Se trata, a grandes rasgos, de potenciar la presencia extranjera, en especial la europea, frente a la española, así como de profesionalizar el cometido de la feria y dar preferencia a las visitas de interesados del sector y coleccionistas por encima de la afluencia masiva de público. El año pasado la visitaron 148.000 personas.

Pero mientras Arco se reduce con el fin de fortalecerse, las ferias satélites se presentan como alternativa para galerías que no entran en la selección de la primera, tal como sucede en torno a otras grandes ferias de arte. Porque la supervivencia de Arco no solo implica a la propia feria, sino a todo el sistema artístico madrileño (y en gran medida de otras regiones), que realiza la mayor parte de las ventas del año en esos pocos días de feria.

Por un lado, los museos, salas de exposiciones y galerías suelen reservar sus mejores exposiciones para estas fechas.

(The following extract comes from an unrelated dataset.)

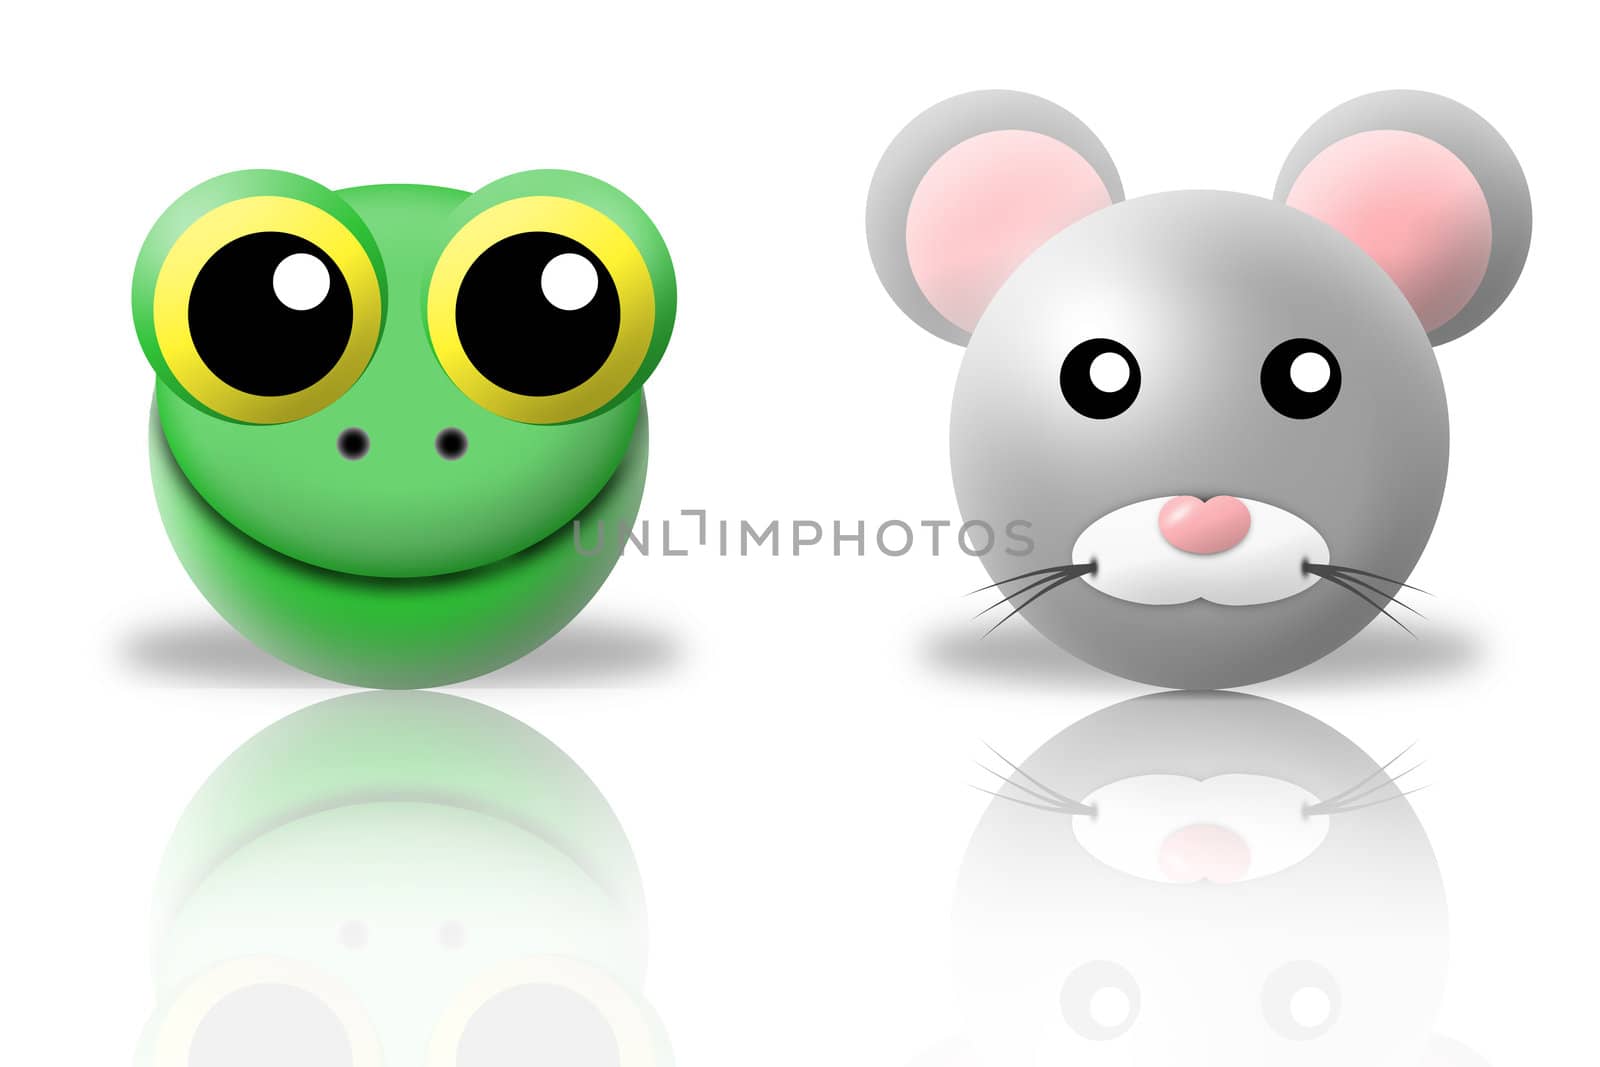 animals icons - frog and mouse. white background and reflection

Por otro, este año hay cinco ferias paralelas a Arco: JustMad (en esta, su segunda edición, se celebra en la calle de Velázquez, 29), con 52 expositores de 12 países, pretende aglutinar el arte contemporáneo emergente e inaugura también un espacio para el diseño en JustMad Design y otro para el arte sonoro en el metro de Madrid, titulado Metro Sound. Art Madrid (Pabellón de Cristal de la Casa de Campo) reúne en su sexta edición a 61 galerías. Mantiene su sección de arte joven, con otras 13 galerías, y presenta por primera vez 9 instalaciones artísticas. MadridDeArte (Palacio de Congresos) llega a su décimo año abriendo su entrada principal por los jardines del paseo de la Castellana, en los que se instalarán esculturas. No solo se presentan galerías comerciales sino también artistas individuales con sus obras. Y por último, FLECHA (centro comercial Arturo Soria), que surgió en 1991 como siglas de una Feria de Liberación de Espacios Comerciales Hacia el Arte. Lo que le faltaba a Arco, según ellos. Desde entonces se ha convertido cada año en un espacio para que se vean las obras de los artistas, en esta ocasión 53, entre los que se cuentan Ouka Leele, Ceesepe y El Hortelano.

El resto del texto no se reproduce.